Не что-то, а ничто, морской прибой
нас гложет, как толченое стекло,
что теплится Невы, как на рассвете,
когда картонки собирает бомж в обмотках легких,
с харкотиной, расцветшею в петлице дикой.
Набравшему воды в тимпаны рта
ни зеркальце тогда не подноси,
ни спичку, милая.
Как гаубица-голубица Пушкин прянет
саарскосельские заупокойные пруды
голубить и губить и тратить слово, оба-два
что тульский бородатый пряник
в качель его туды
где оловом зальют и эти губы, что теплятся едва?
как гаубица-голубица
копытом детским седока
он вынесет на свет зловонный солнца
за Хлебниковым вурдалака Ка
как гаубица-голубица… хуже!
за что так током бьет гончарный круг
на коем Троица – как бы тройник черешен?
когда ж по венам брызнет сладкий сок
и смех Петрония и – Боже —
два пальца деве-розе в чашу в лепесток
тогда окажется что, черным занавешен,
вращаешься легко сам-друг
что уголь в трубке черноглазой ворошить
что провод телефонный
садись Наталья саван шить
какой по счету? энный
кабы знать как милого дружка приворожить
кабы научиться вам блаженные слова
но укутанные в ледяные шали
имена их теплятся едва
и любовников что в темные аллеи
удалились – не дозва…
но достанет их из-под земли
каблучок французский заступ жало
милый ангел Натали
неужели
так-таки и стан осиный узкий
Незнакомки замели?
затем что так полулегка
смычку тому еще послушна
пускай прозрачные шелка
падут неслышно
как слепая ласточка в горячие снега
где выставка цветет как Климт
танцующего тирса
не оторвать от той ложбинки уст
что женщину каленую клеймит
когда одна и обнаженней торса
и нижет нижет нежный зуд
мать соблазняющая к смерти
как сходят медленно с животного ума
в окна распахнутый живот
так по ступеням в тридевятом марте —
о чем еще она поет? —
«и ты сердешный в сердце тьмы
египетской изустной
в залоге сострадательном ходьбы
подставишь мозг ширококостный
под перочинный ножичек холста
раскрашенный как девочки уста»
что в имени твоем одна буква всегда мне казалась лишней тогда как двух других не хватало алая алая буква или снисхождения
а.__________________
«Ты не поверишь, но я кончала,
когда сносили эти дома
на Остоженке».
Сидела у окна и кончала; шар,
пульсируя на нитке, продетой в иглу
пейзажа с веткой сухой рябины в помутневших зрачках,
крушил ампирный фасад империи.
И я верю, но, как слепой,
вижу лишь каплю влаги над верхней губой,
которую слизывает сценарий.
Марлен Дитрих ставит нас под заезженное ружье
конца тридцатых: тоталитарный шиньон блондинки
вальсирует меня в оккупированный Каир.
Ты – карий
косящий глаз
поставленной по второму разу пластинки.
Крысы пустыни,
отмахиваясь от облепивших их униформу мух,
жарят на броне танка бекон с яичницей;
позже стынут
в строю, поджавши хвосты, расстелив камуфляжный мох,
в скроенных в штате Юта шортах.
Их мордочки в кока-коле и табаке,
а лапки, в белых тапочках, на теннисных кортах
шуршат гравием и палой листвой,
под которой не разглядишь ни дату,
ни окопавшихся в ней червей.
Ты – как Роммель – летишь бомбить Мальту.
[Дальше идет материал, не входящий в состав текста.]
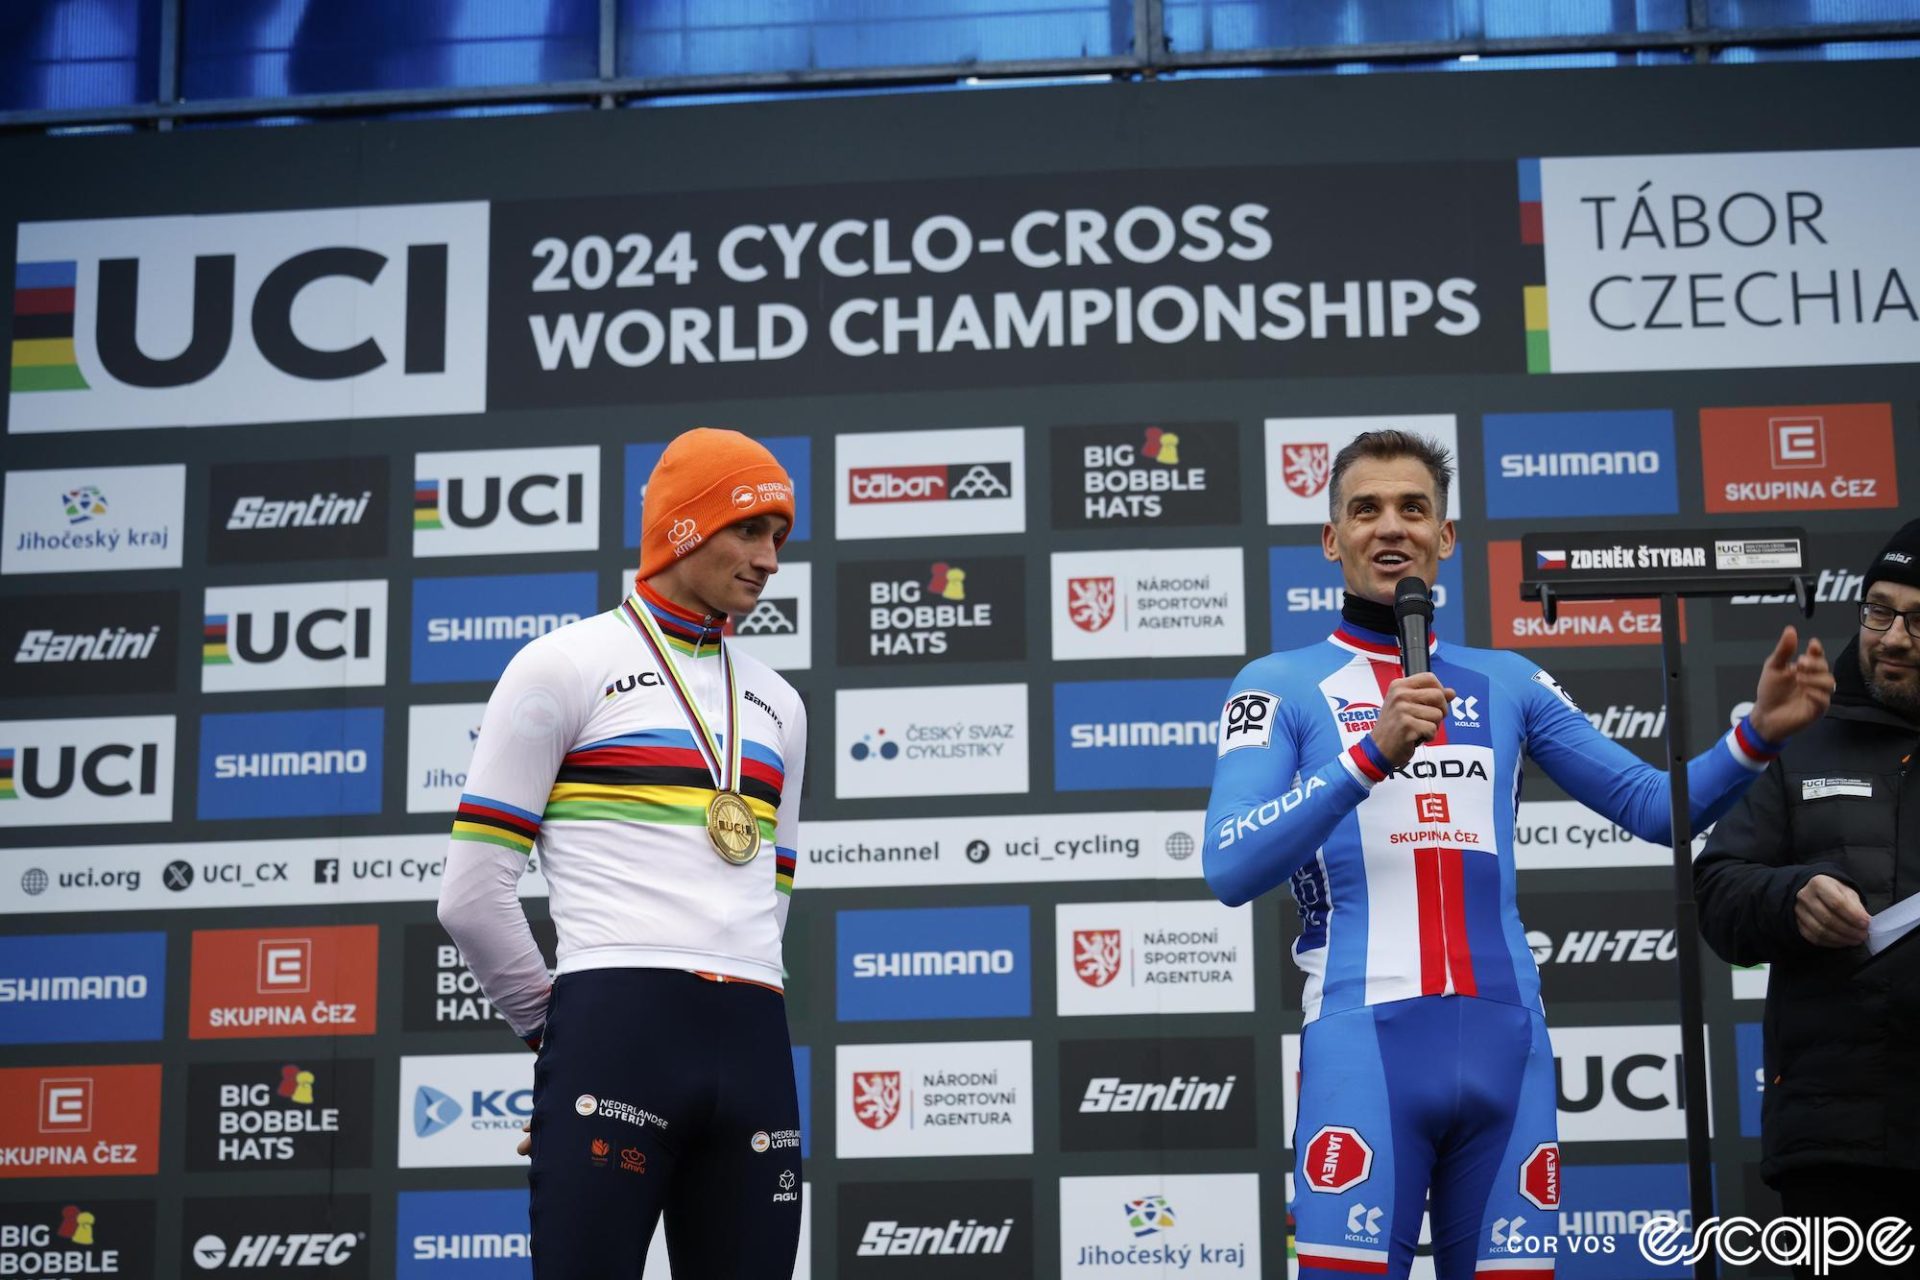 Zdenek Stybar holds a microphone as he addresses the crowd at the 2024 World Cyclocross Championships. He is standing on the podium, while next to him, winner and six-time World Champion Mathieu van der Poel looks on with respect.

Этого требует твой продюсер.
В кожаном рюкзаке несессер,
уже ничей,
делает сальто-мортале,
когда ты мне его швыряешь в лицо,
и я чувствую стыд застежки за ворох выпавшего белья.
На фюзеляже твоем наколки
всех тобою сбитых заподлицо.
Горько!
Бля
буду, бля.
н.___________________
Ливень напал на нас на углу
Седьмой авеню и Пятьдесят
седьмой Ист-стрит. Ошиблись на один перегон.
Из-под земли инфернальный дым
лиловый негр разгонял свистулькой
(я думал, он подзывает такси).
В бумажном пакете бутылка виски.
И вышли уже на солнечный свет, в Беркли,
и выпили кофе, и целый час проболтали.
«Then I’ve took his penis into my mouth, а он,
он ничего не сказал.
Лишь сильнее сжал руль. Мы вылетели
на пустынный хайвэй. Меня не было видно».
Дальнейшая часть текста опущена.